Un procedimento che in vent'anni è stato oggetto di una continua campagna di denigrazione e di disinformazione. Penso alle parole spese per etichettare l'indagine come 'campata sul nulla' o 'approntata per fini politici' in quanto Dell'Utri era entrato in politica ed era un uomo di Berlusconi. Accuse che stravolgevano la realtà in quanto si è poi rappresentata la verità, ovvero che Berlusconi è entrato in politica per sfuggire alla giustizia mentre Dell'Utri si è messo in politica per garantire gli interessi dell'organizzazione mafiosa come sempre aveva fatto. Questa sentenza sgombra il campo da queste accuse, e per questo si può essere soddisfatti, anche se c'è un misto di amarezza”.

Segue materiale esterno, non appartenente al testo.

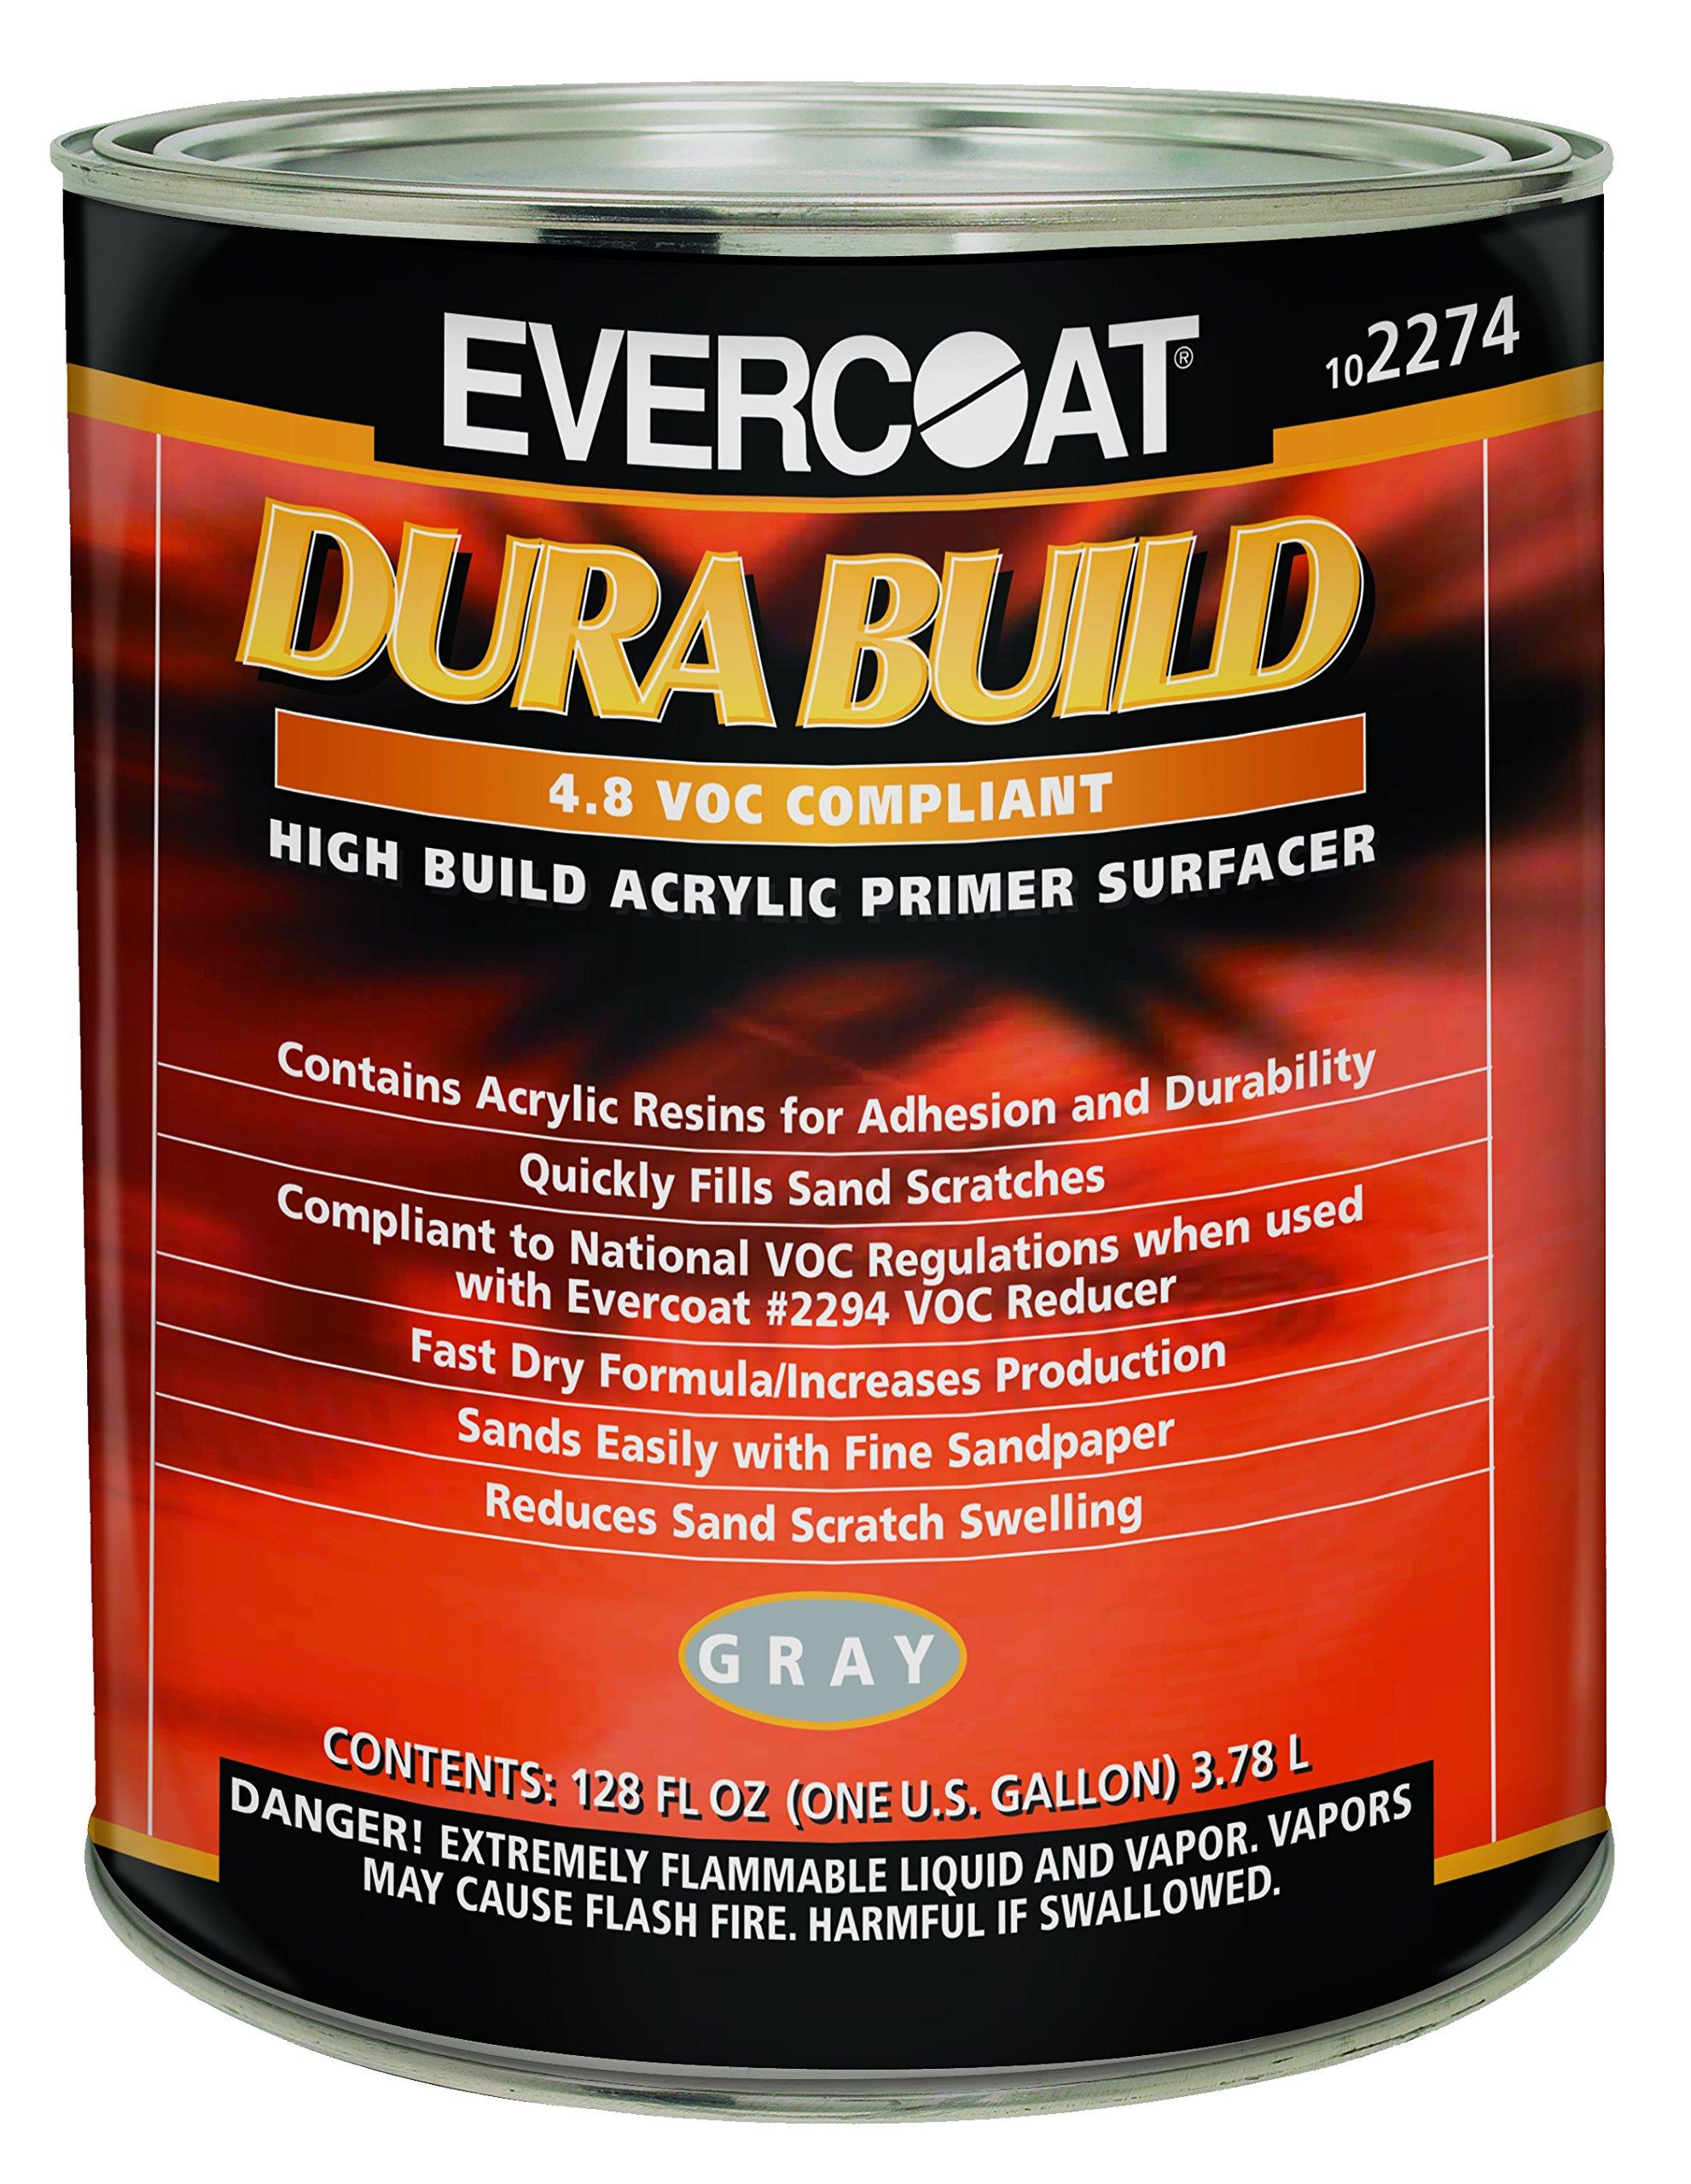 Evercoat 2274 Dura Build Acrylic Primer Surfacer - Gray - Gallon by Evercoat

In che termini parla di amarezza?
Io non parlo soltanto da ex pm, ma da cittadino. La mia idea di giustizia è che ognuno debba rispondere di ciò che ha commesso. Partendo da questo presupposto ecco che oggi questa sentenza genera in me un doppio sentimento. Da una parte, come dicevo in precedenza, la soddisfazione ed il sollievo. Dall'altra l'amarezza per una giustizia che solo apparentemente è uguale per tutti. Ed i motivi sono diversi. Per arrivare a questa sentenza è davvero passato troppo tempo e i tempi lunghi sono nemici della giustizia. Per un poveraccio la sentenza definitiva spesso arriva dopo pochi mesi, per un potente arriva troppo tardi. Ci sono voluti 20 anni per Dell'Utri, vent'anni durante i quali ha potuto fare di tutto, dentro e fuori il Parlamento. E' stato il braccio destro di chi ha guidato il nostro Paese per tanti anni continuando a commettere anche altri reati protetto da un Parlamento di inquisiti che in un'occasione lo ha pure salvato dall'arresto. Di fronte ad una palese attività di inquinamento probatorio noi chiedemmo l'arresto alla Camera e, nonostante non vi fosse una maggioranza composta da membri di Forza Italia, il Parlamento permise la sottrazione all'arresto rispedendo al mittente la richiesta del Gip di Palermo. Una storia che è proseguita anche con il tentativo di espatrio a Santo Domingo, dove Berlusconi aveva comprato per lui persino una villa, alla vigilia della prima sentenza della Cassazione. Noi aprimmo anche un procedimento penale. Poi la Cassazione, in una sentenza che possiamo con un eufemismo definire bizzarra, decise per l'annullamento con rinvio in Appello della prima sentenza Dell'Utri.
E si resta amareggiati se si guarda alla situazione di oggi perché di fatto si è consentito ad un condannato di sfuggire all'esecuzione della condanna recandosi in Libano. Un condannato che oggi campeggia con la sua foto sulle prime pagine di tutti i giornali, ospite in un ospedale di Beirut.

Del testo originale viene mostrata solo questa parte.